• TASK DIRECTIONS: A word-for-word copy of the data is what's wanted, with no pictures.

• INFORMATION PROVIDED:
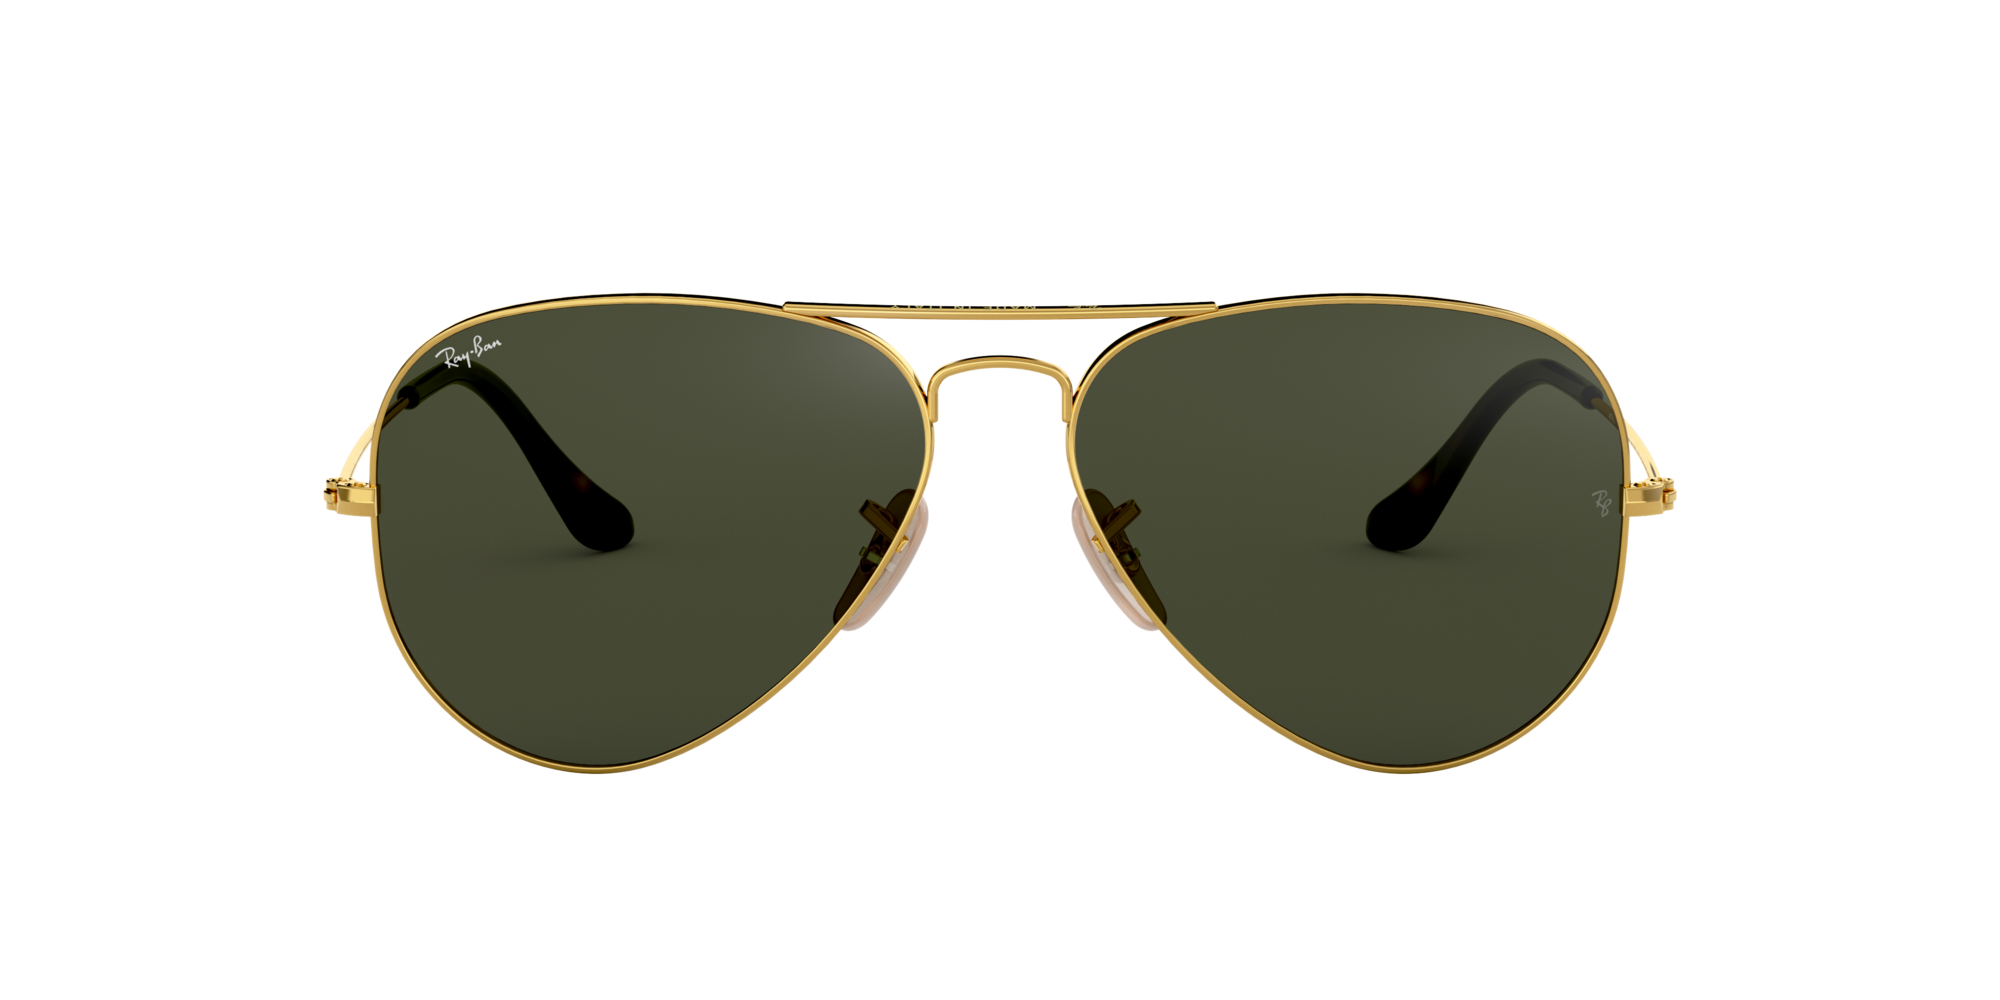 RayBan sunglasses image
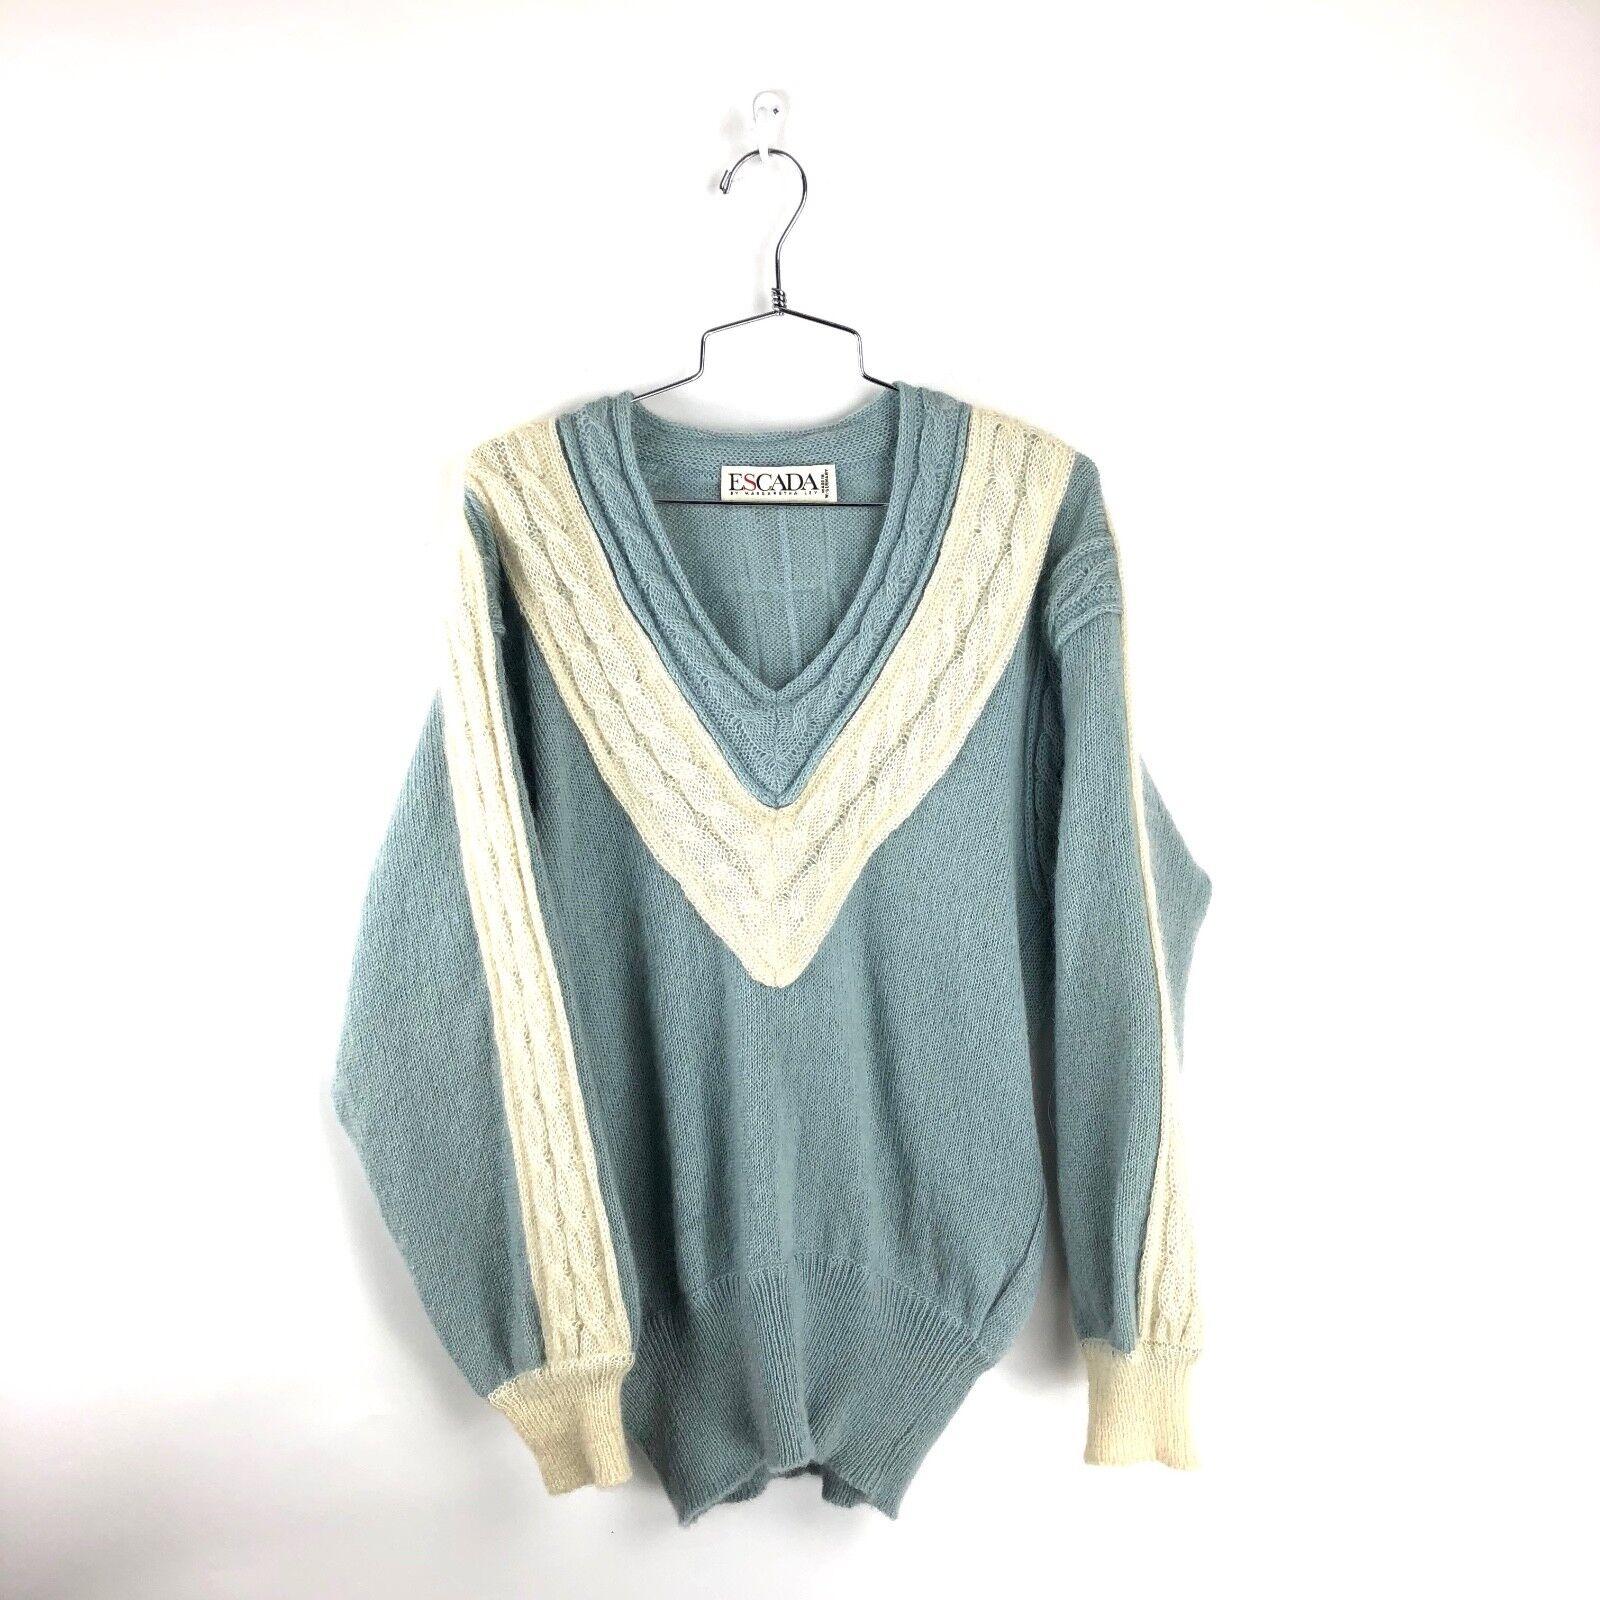 VTG Escada Sweater Size 34 Small Sweatshirt Acrylic Knit bluee Womens
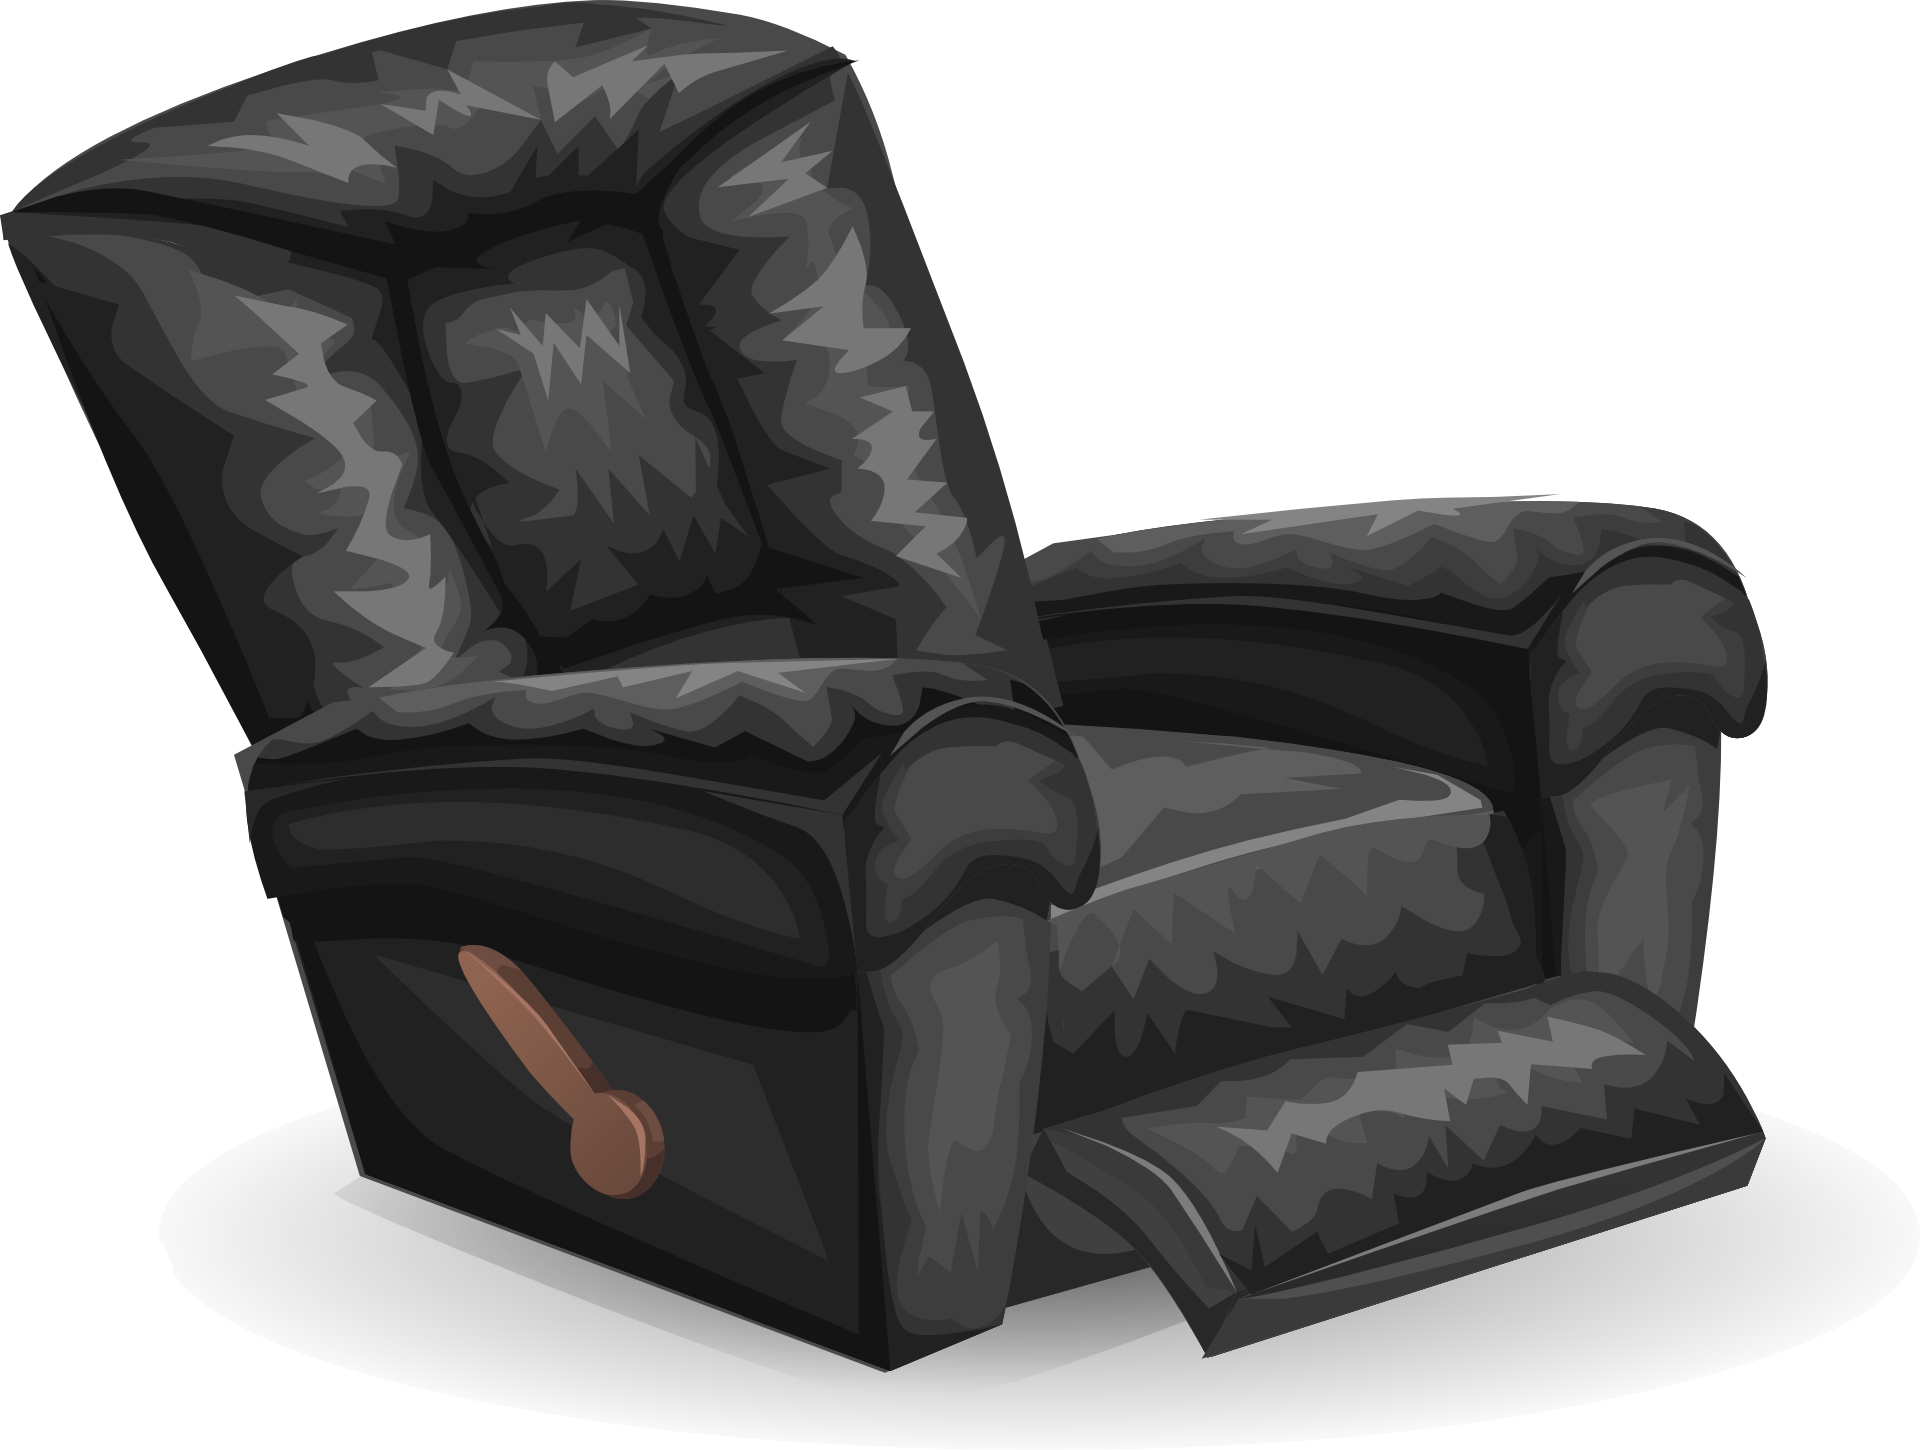 Sofa Chair Drawing Free Image

• TASK OUTPUT:
 RayBan sunglasses image
 VTG Escada Sweater Size 34 Small Sweatshirt Acrylic Knit bluee Womens
 Sofa Chair Drawing Free Image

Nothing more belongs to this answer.